Ideas for Kids’ Parties

Does your party planning need a jumpstart? Here are some favorite kids’ party themes.

Art/Craft Parties. You can purchase simple crafts supplies and kits for home, or pay for a certain number of children to make a project at a craft store.

Cooking Parties. They can be as simple as decorating cupcakes or as elaborate as the kids working together to create a special menu.

Live Animal Parties. Meet at a zoo or arrange for a zoo or nature center to bring the animals to you. Check references and safety issues ahead.

Storybook/dress up parties.Either have little ones come dressed in a certain theme — favorite character, prince or princess, zoo animal — or have dress-up clothes available. Take pictures on a digital camera or Polaroid for souvenirs.

Tea Parties. Tea parties and teddy bear tea parties are popular for the youngest partygoers. School-age girls sometimes enjoy a more formal tea party fashioned after an adult affair.

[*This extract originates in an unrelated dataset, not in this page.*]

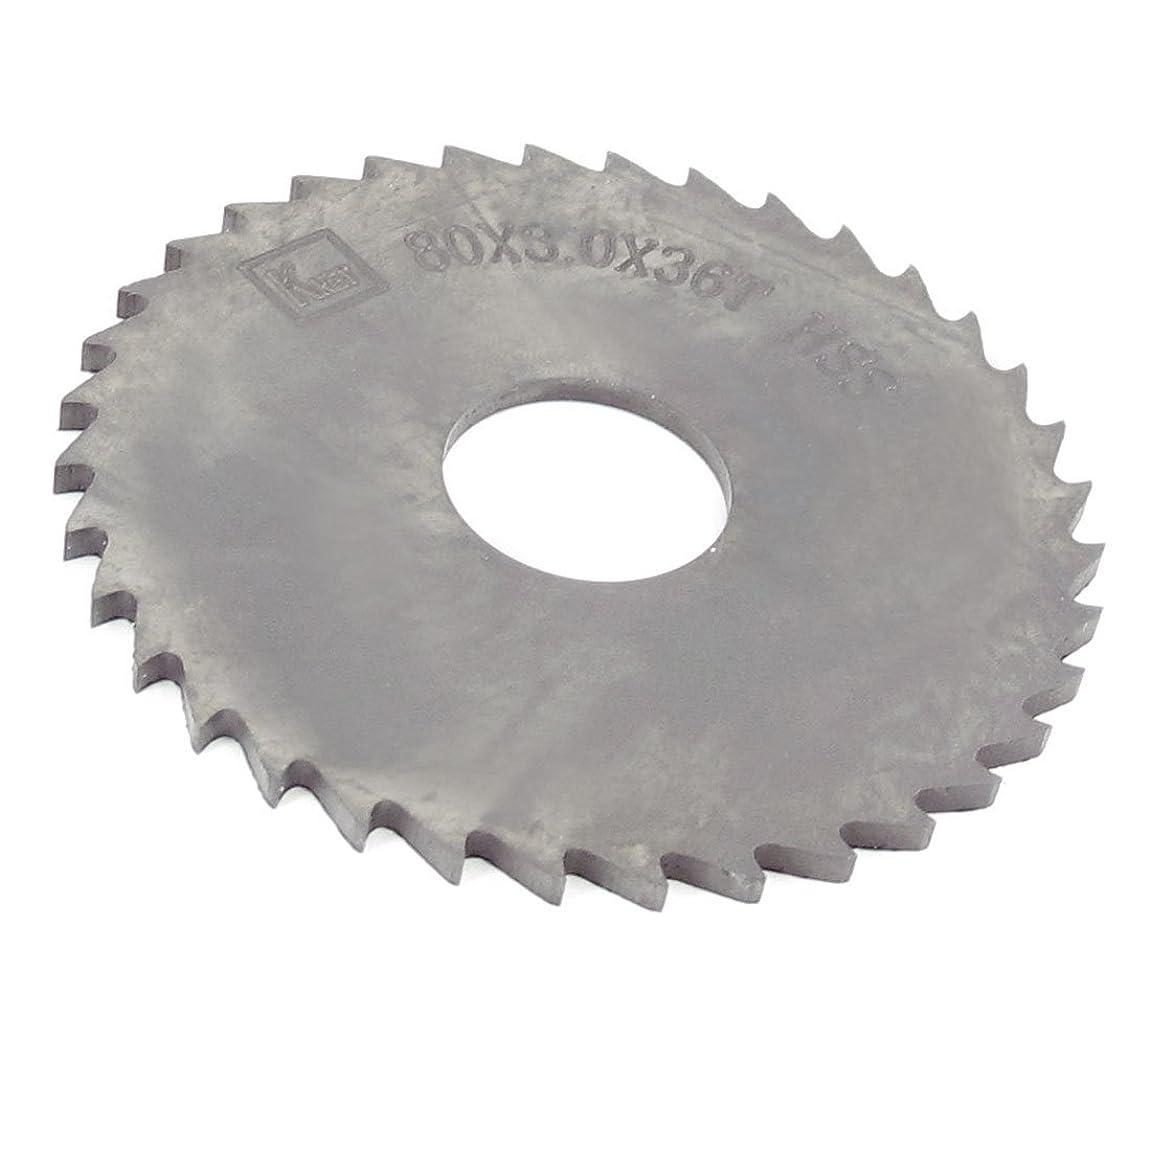 uxcell スリッティングソー 切削工具 ペグ歯 36歯 厚さ3mm 外径80mm 穴径22mm 1個入り

Detective Parties. School-age children will enjoy finding clues and solving a mystery, especially if it results in treats at the end.

The Next Steps

Your next set of decisions includes what food, party favors and place settings you need. What do you need for games? What will go in the party bags? Make your first stop the dollar store. You can often find the same items for less than you might at a party shop.
  • Line up entertainment or facility, if any. Meet the entertainer if possible. Don’t forget to ask for and check references. Book your party well in advance if you’re having it away from home. You might get a better deal if you have the party Monday-Thursday rather than on the weekend.
  • Send invitations. Give the date, time, address, directions, your phone number for RSVPs, and if special dress or preparation is called for, the theme. It’s okay to follow up with phone calls.
  • Arrange for help. Parents might volunteer to stay and help. Don’t be reluctant to ask. Consider hiring your babysitter for the party if it’s for younger children. She can help supervise games, serve refreshments and trouble shoot.
  • Plan plenty of short games. Have more than you think you’ll need in case a game goes more quickly than you expect or flops. Have a favorite video ready for extra time.
  • Have extra treats. Someone unexpected might show up. A parent might forget to RSVP or a sibling could tag along. A prize might get broken or a cupcake dropped.
  • Check ahead for food allergies if you don’t know all the children personally. It can be disconcerting to have a four-year-old come to a party and not be able to eat the cake.

Party Day

Now that the big day is here, there are a few tips that will make the day breeze by.
  • Don’t worry about having a spotless house. Children don’t care if the bathroom is sparkling or the carpet freshly steam cleaned. Tidy up and save your energy for the party.
  • Pick up the cake early. Check that you have enough treats, plastic silverware, plates and other items.
  • Be flexible. Keep a sense of humor. The point of the party is to have fun, not to have everything perfect. Someone will spill a drink. A plastic prize will get stepped on and broken. Deal with it and move on.
  • Guests might arrive early. Have a video playing or a craft set ready.
  • Have the birthday child say thank you when the gifts are opened.
  • Have a final fun send off. You might need an activity for the partygoers waiting to be picked up.